Acoording to Wikipedia : The Fisher–Yates shuffle is an algorithm for generating a random mix of a finite sequence—basically, the algorithm shuffles the sequence. The algorithm effectively puts all the elements into a hat; it continually determines the next element by randomly drawing an element from the hat until no elements remain. The algorithm produces an unbiased permutation: every permutation is equally likely. The modern version of the algorithm is efficient: it takes time proportional to the number of items being shuffled and shuffles them in place.

## Algorithm steps

• According to this algorithm we should loop the array from back to front.
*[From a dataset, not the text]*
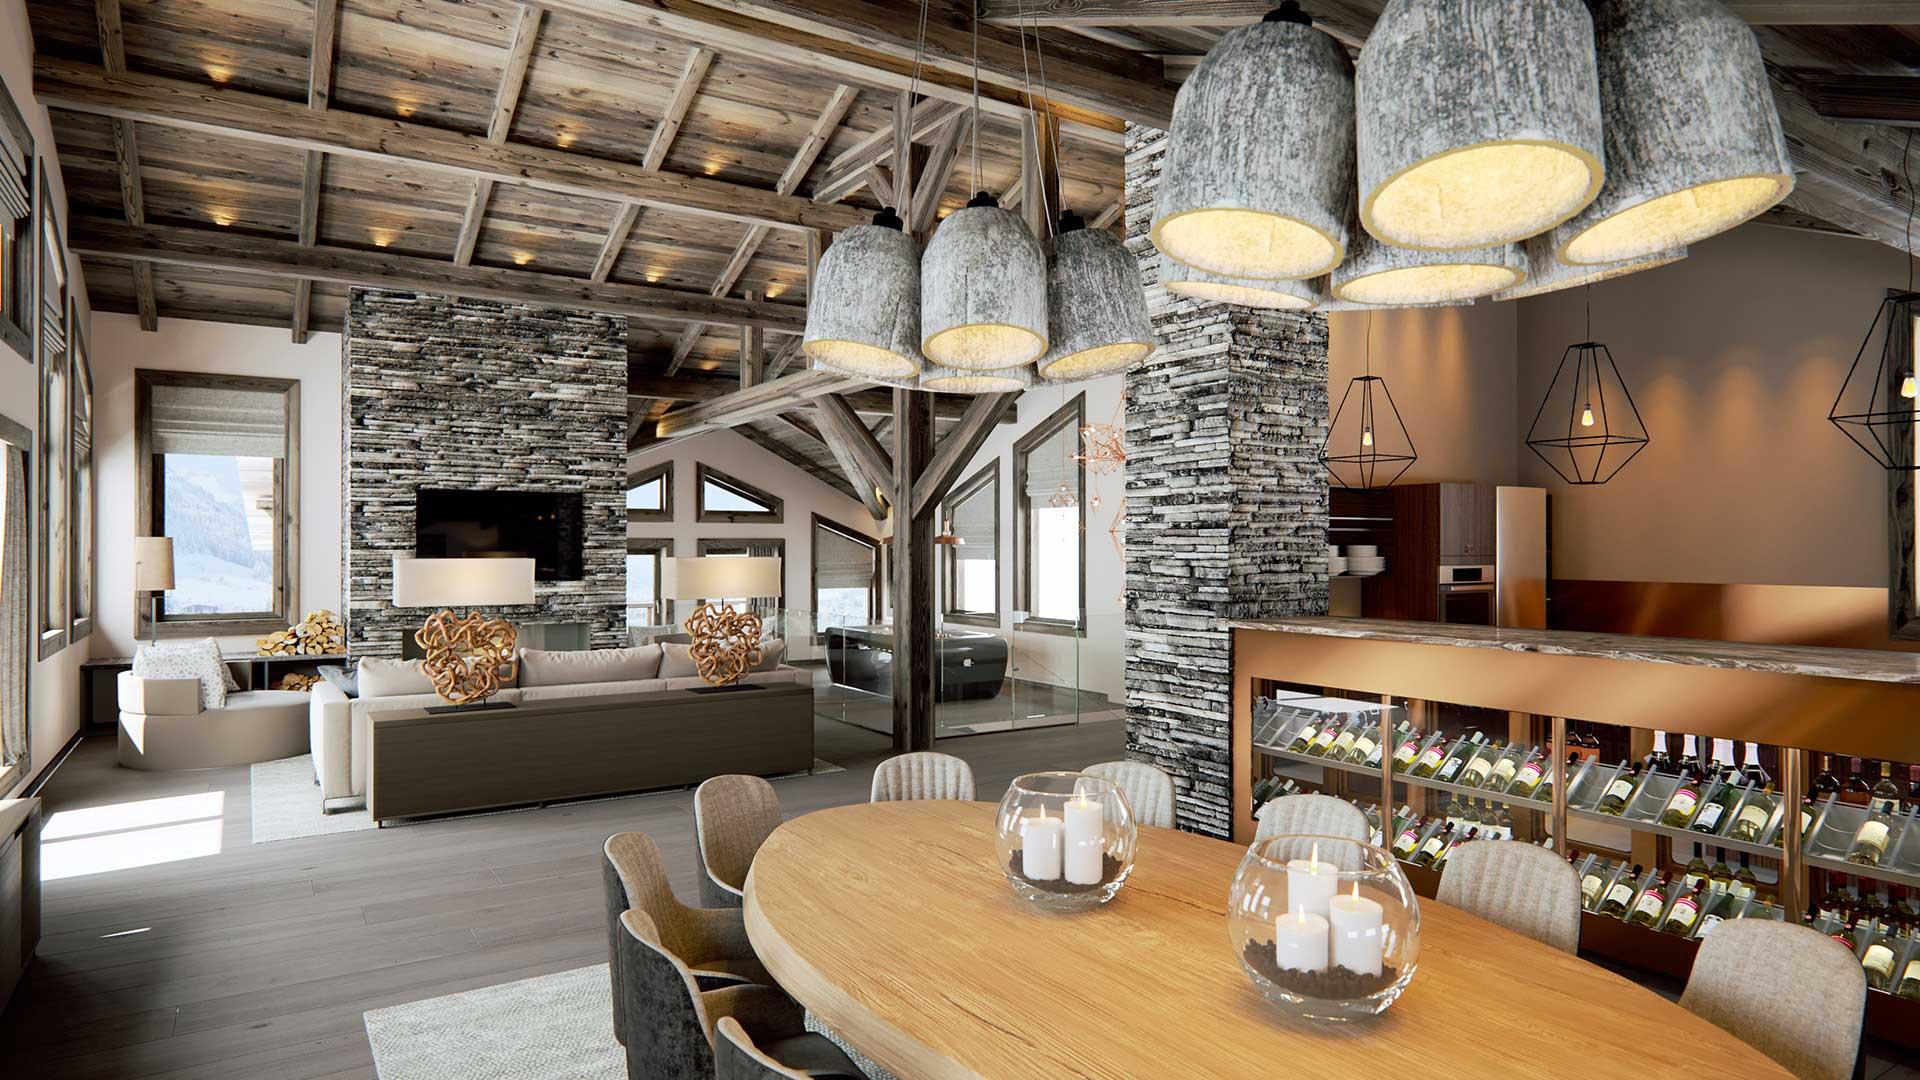 Salle de repas de luxe d'un chalet à la montagne en image de synthèse 3D d'architecte

For instance, in the following example, we have an array consisting of 8 elements(A,B,C,D,E,F,G,H) from index 0 to index 7. So the first loop pass will affect the element at the last index 7 that is H.
• Next step is to generate a random number (random index) between the selected index 7 and index 0. For suppose let the random index be 3.
• After getting the random index swap the elements that are in the selected index and at random index.The element at the random index in the provided array is D. So after swapping, the array will be changed to A,B,C,H,E,G,F,D.
• In the second loop pass just ignore the last index (since it is already looped) and try to find the random index between index 0 and index 6 that is between the elements A and F. *Let the generated random index be 2.
• After getting the random index let's swap the elements at indexes at 6 and 2. Now the array will look as A,B,F,H,E,G,C,D.
• This algorithm follows the same pattern that is it ignores index 6 and starts finding random index between index 5 and index 0 and so on until it reached the index 1. It can't take index 0 to loop because there are no indexes less than 0 for swapping purpose.
• Note that there is a possibility that generated random index be selected loop index. For instance, let the loop is running between selected index 4 and index 0. let the random index generated be 4. Then the value at the index 4 will remain at the same position.